Concerning $A\left(\alpha \right)$ in (1.1), a natural question is to determine the range of the exponent $\alpha >0$ for which $A\left(\alpha \right)$ is finite. As pointed out in [14], this remained an open problem for a while. In this paper, we first prove the finiteness of the supremum in the full range of values of the exponent.

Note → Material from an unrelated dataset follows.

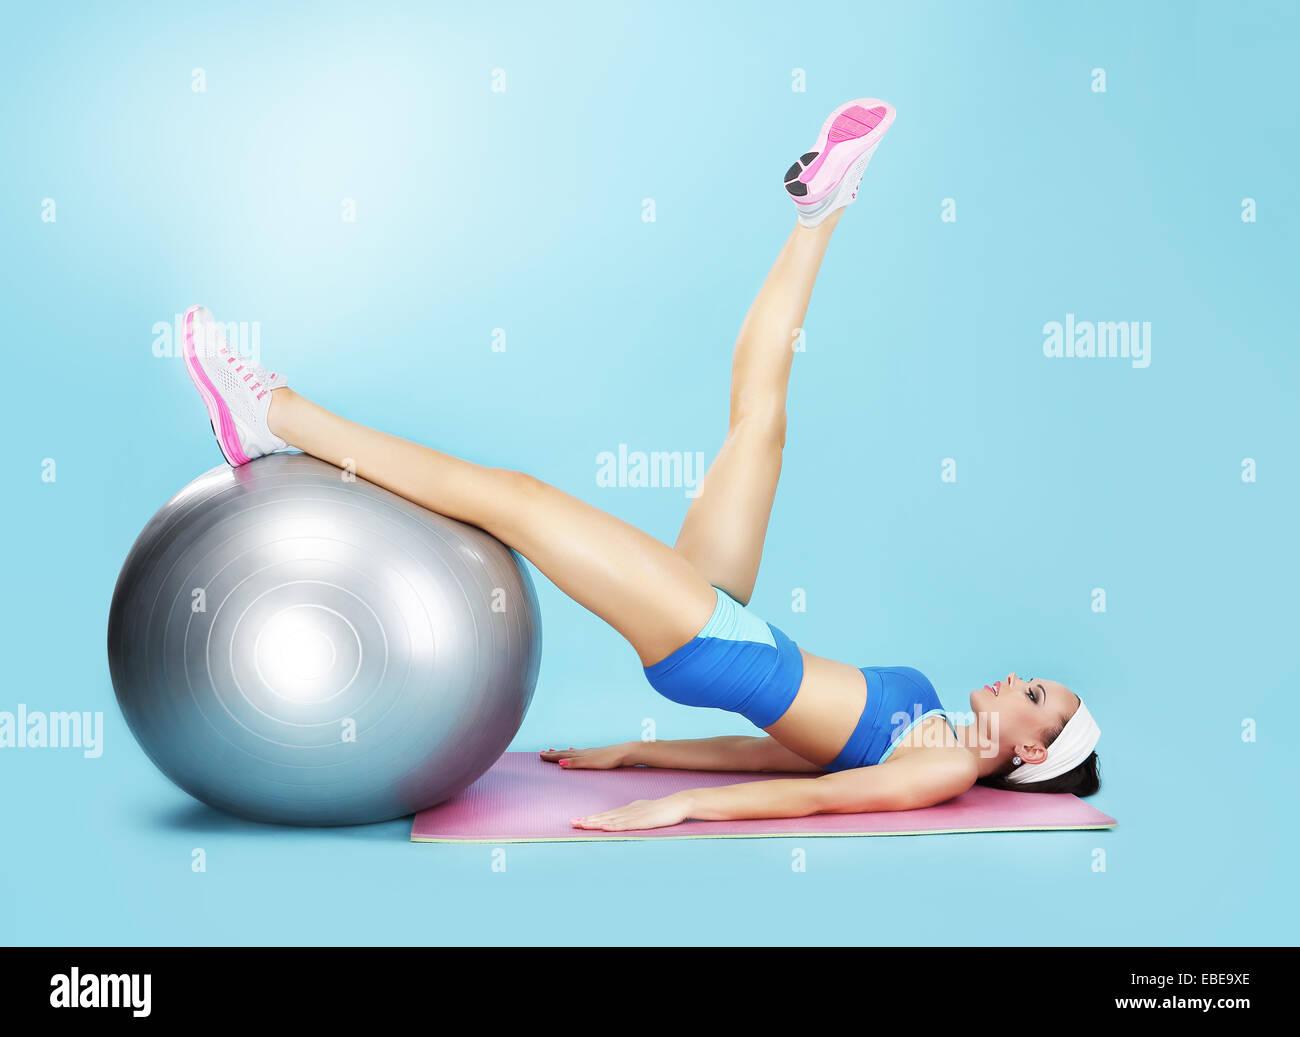 Aerobics. Sportlerin im Sportverein mit Fitness-Ball Stockbild

#### Theorem 1.3 (Full range Adachi–Tanaka-type on ${H}^{\mathrm{1}\mathrm{/}\mathrm{2}\mathrm{,}\mathrm{2}}\mathbf{}\mathrm{\left(}\mathrm{R}\mathrm{\right)}$).

We have

$A\left(\alpha \right)=\underset{\begin{array}{c}u\in {H}^{1/2,2}\left(ℝ\right)\setminus \left\{0\right\}\\ {\parallel {\left(-\mathrm{\Delta }\right)}^{1/4}u\parallel }_{{L}^{2}\left(ℝ\right)}\le 1\end{array}}{sup}\frac{1}{{\parallel u\parallel }_{{L}^{2}\left(ℝ\right)}^{2}}{\int }_{ℝ}\left({e}^{\alpha {u}^{2}}-1\right)𝑑x\left\{\begin{array}{cc}<\mathrm{\infty },\hfill & \alpha <\pi ,\hfill \\ =\mathrm{\infty },\hfill & \alpha \ge \pi .\hfill \end{array}$

Ozawa [30] proved that the Adachi–Tanaka-type Trudinger–Moser inequality is equivalent to the Gagliardo–Nirenberg-type inequality, and he obtained an exact relation between the best constants of both inequalities. Actually, he proved the result for general $1, and if $p=2$, the main result in [30] can be read as follows: Put ${\alpha }_{0}=sup\left\{\alpha >0:A\left(\alpha \right)<\mathrm{\infty }\right\}$ and

${\beta }_{0}=\underset{q\to \mathrm{\infty }}{lim sup}\underset{u\in {H}^{1/2,2}\left(ℝ\right),u\ne 0}{sup}\frac{{\parallel u\parallel }_{{L}^{q}\left(ℝ\right)}}{{q}^{1/2}{\parallel {\left(-\mathrm{\Delta }\right)}^{1/4}u\parallel }_{{L}^{2}\left(ℝ\right)}^{1-2/q}{\parallel u\parallel }_{{L}^{2}\left(ℝ\right)}^{2/q}}.$

Then it is shown that $1/{\alpha }_{0}=2e{\beta }_{0}^{2}$; see [30, Theorem 1]. Thus, by a direct consequence of Theorem 1.3, we have the next corollary.

#### Corollary 1.4.

We have ${\beta }_{\mathrm{0}}\mathrm{=}{\mathrm{\left(}\mathrm{2}\mathit{}\pi \mathit{}e\mathrm{\right)}}^{\mathrm{-}\mathrm{1}\mathrm{/}\mathrm{2}}$.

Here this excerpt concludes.